Aug 29 02:20:50.964 [warn] eventdns: Nameserver 127.0.0.1 has failed: request timed out.
Aug 29 02:20:50.964 [warn] eventdns: All nameservers have failed
Aug 29 02:20:52.381 [warn] eventdns: Nameserver 127.0.0.1 is back up
Aug 29 04:53:41.131 [warn] eventdns: Nameserver 127.0.0.1 has failed: Bad response 2
Aug 29 04:53:41.132 [warn] eventdns: All nameservers have failed
Aug 29 04:53:41.140 [warn] eventdns: Nameserver 127.0.0.1 is back up
Aug 29 04:53:43.140 [warn] eventdns: Nameserver 127.0.0.1 has failed: Bad response 2
Aug 29 04:53:43.140 [warn] eventdns: All nameservers have failed
Aug 29 04:53:43.172 [warn] eventdns: Nameserver 127.0.0.1 is back up
Aug 29 04:53:51.581 [warn] eventdns: Nameserver 127.0.0.1 has failed: request timed out.
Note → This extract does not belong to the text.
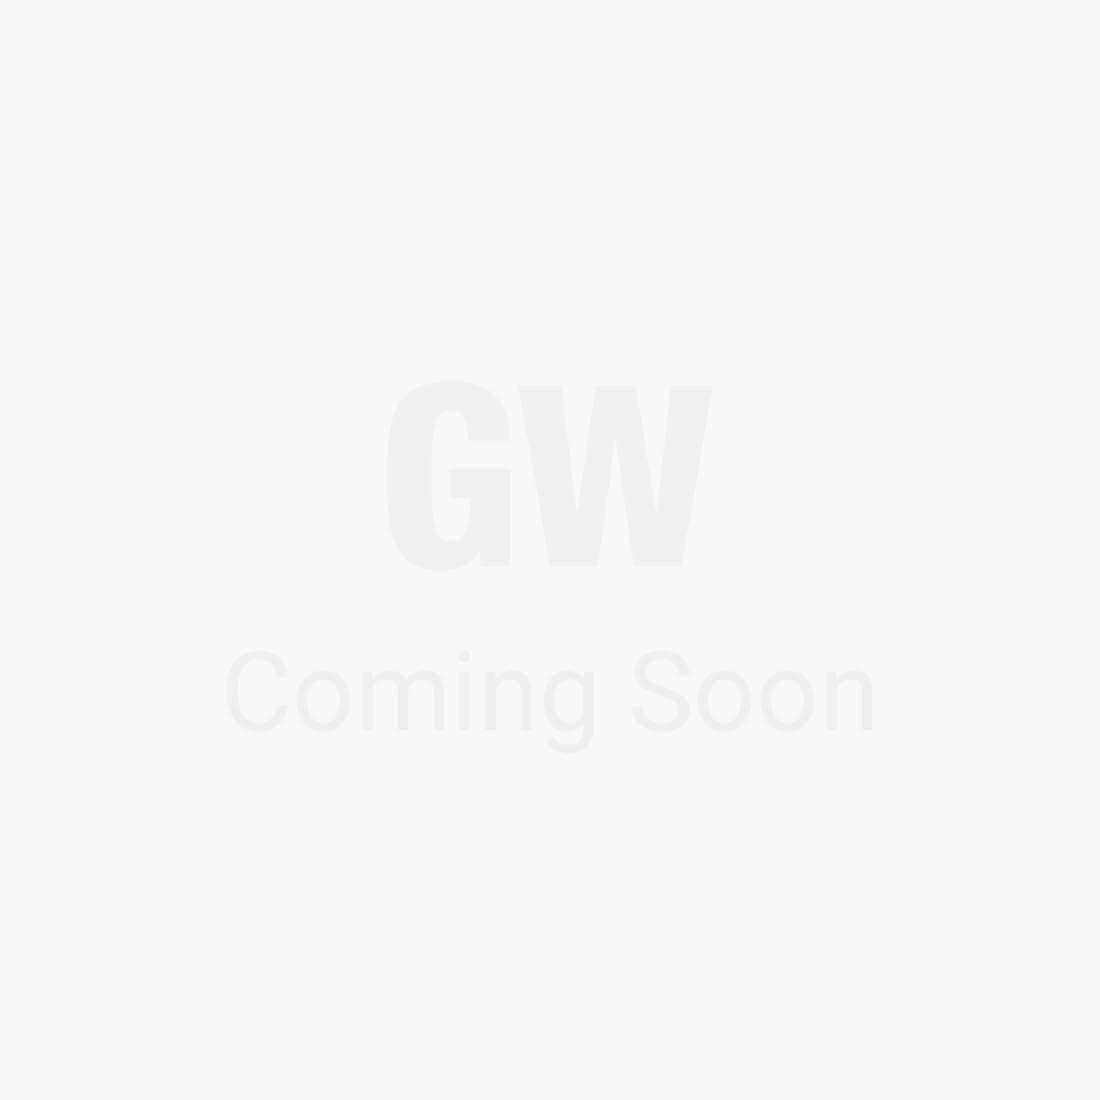 Elle Pillar Round Dining Tables

Aug 29 04:53:51.581 [warn] eventdns: All nameservers have failed
Aug 29 04:53:51.886 [warn] eventdns: Nameserver 127.0.0.1 is back up
Aug 29 04:53:54.591 [warn] eventdns: Nameserver 127.0.0.1 has failed: request timed out.
Aug 29 04:53:54.591 [warn] eventdns: All nameservers have failed
Aug 29 04:53:55.110 [warn] eventdns: Nameserver 127.0.0.1 is back up
Aug 29 04:53:57.601 [warn] eventdns: Nameserver 127.0.0.1 has failed: request timed out.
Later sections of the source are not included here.